Specimen	2 h–1 Hz	2 h–10 Hz	10 h–1 Hz	10 h–10 Hz
wmean	6913	2298	1664	659
hmean	4119	1417	1037	382

.

These values are in good agreement with the resultsFi obtained from SEM micrographs, and they demonstrate that the increase in both the holding time and deformation frequency caused the refinement of martensite plates. Nevertheless, the increase in the holding time from 2 to 10 h caused a decrease in the martensite plate width between 4.15 and 3.49 times and a decrease in their height between 3.97 and 3.71 times. Conversely, a frequency increase from 1 to 10 Hz caused plate width decreases of between 3 and 2.5 times and plate height decreases of between 2.9 and 2.7 times. These results prove that a holding time increase from 2 to 10 h is more effective than a deformation frequency increase from 1 to 10 Hz, from the point of view of martensite plate refinement.

4. Discussion

Finally, before ending the discussion of the above results, one should also consider the unique character of the martensite plates, which are stress-induced in Fe-Mn-Si-based SMAs during dynamic loading. It has been demonstrated that these SMAs experience the transformation of the martensite plate variants that reversibly change from tension-induced to compression-induced [31]. It can be assumed that this phenomenon also occurs during DMA strain sweep, when the specimens are alternatively bent by the analyzer’s pushrod.

It has been argued that stress-induced martensite plates should not intersect each other, and for this reason, it is recommended that they have small dimensions and a reduced number of crystallographic orientations [5]. Or this is exactly what the combination of 10 h of holding and a 10 Hz strain sweep has achieved, as pointed out by Figure 6 and Table 2.

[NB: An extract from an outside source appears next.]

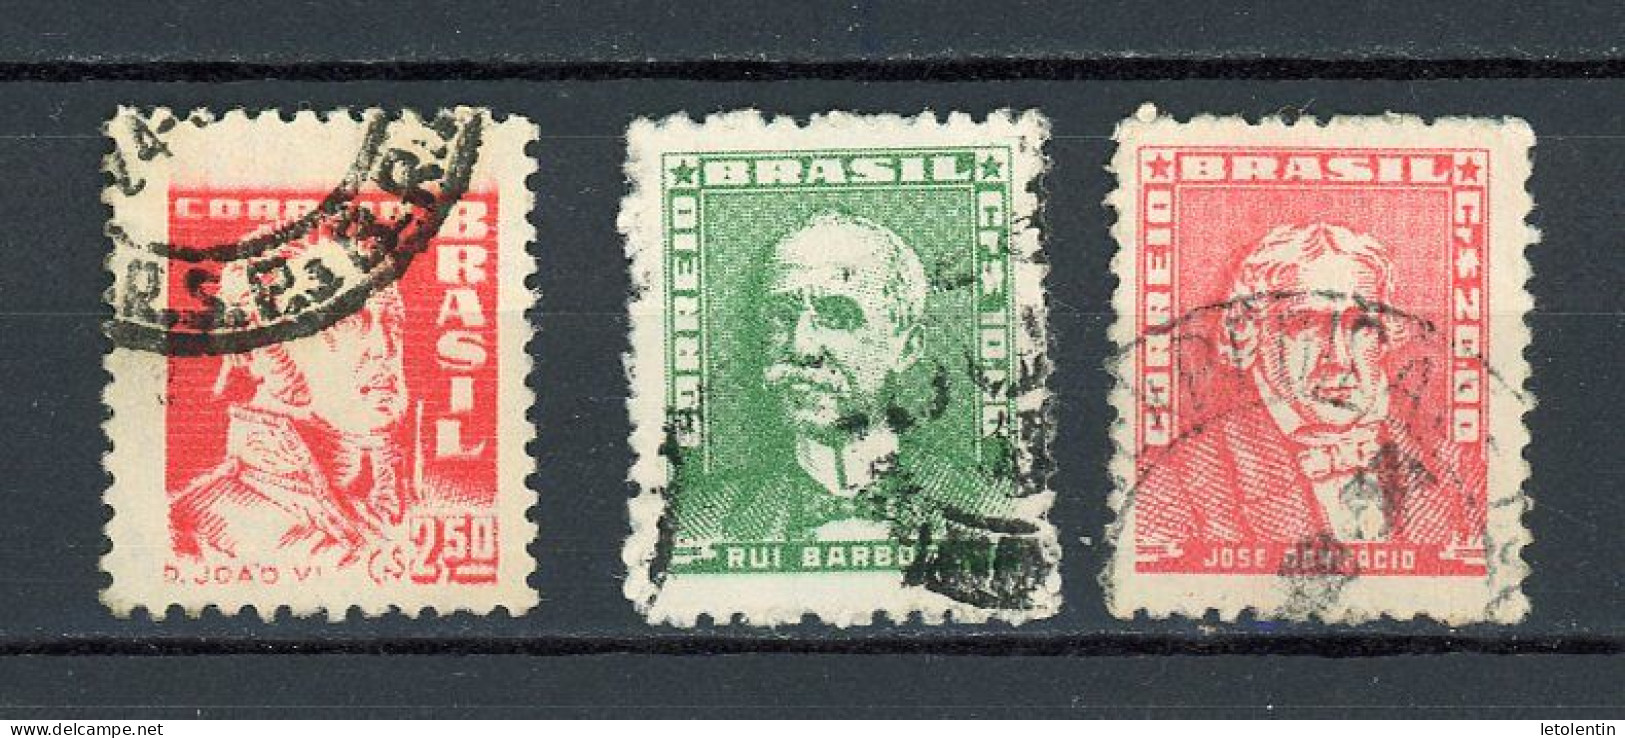 BRESIL - PERSONNAGES - N° Yvert 677+677A+678 Obli. - Used Stamps

The storage modulus reinforcement of the Fe-28Mn-6Si-5Cr SMA under this study, as an effect of dynamic strain sweep, is more desirable from the point of view of shape recovery stresses than from the point of view of vibration mitigation.

5. Conclusions

By summarizing the results of the investigations performed by DSC, DMA, SEM, XRD, and AFM, the following conclusions can be drawn concerning the effects of the solution treatment holding time and RT dynamical deformation frequency:

• A precipitation phenomenon was identified by DSC in the specimens that were solution-treated for 8 and 10 h;
• Dynamical deformations by RT strain sweeps caused work hardening and a general increase in the storage modulus;
• At the precipitate-free specimens, which were solution-treated for 2 and 4 h, internal friction ranged between 0.1 and 0.2;
• Neither in the initial hot-rolled specimens nor in the specimens that were solution-treated between 6 and 10 h, the martensite plates were not visible on SEM micrographs;
• The application of RT strain sweeps caused the occurrence of stress-induced martensite or the fragmentation of the thermally induced one;
• In solution-treated specimens, the increase in the holding time (from 2 to 10 h) was more effective than the increase in the deformation frequency (from 1 to 10 Hz) in the refinement of martensite plates;
• After 10 h of holding at 1050 °C and the strain sweep application at a frequency of 10 Hz, the martensite plates reached the minimum mean values of their width (659 nm) and height (382 nm) and became preferably oriented;
• The recorded XRD patterns indicated that after the dynamic deformation, most of the microstructure comprises mostly α’-bcc martensite, which was due to the high amount of dynamical deformation induced by the RT strain sweep;
• A holding time increase from 2 to 10 h enhanced the compression of the parameter of the cubic unit cell by approx. 30%, which changed the crystallization system from cubic to tetragonal-centered cubic.
• A new mechanical treatment has been introduced for Fe-Mn-Si-based SMAs, based on RT isothermal dynamic bending, which is able to reinforce the storage modulus and refine the martensitic structure.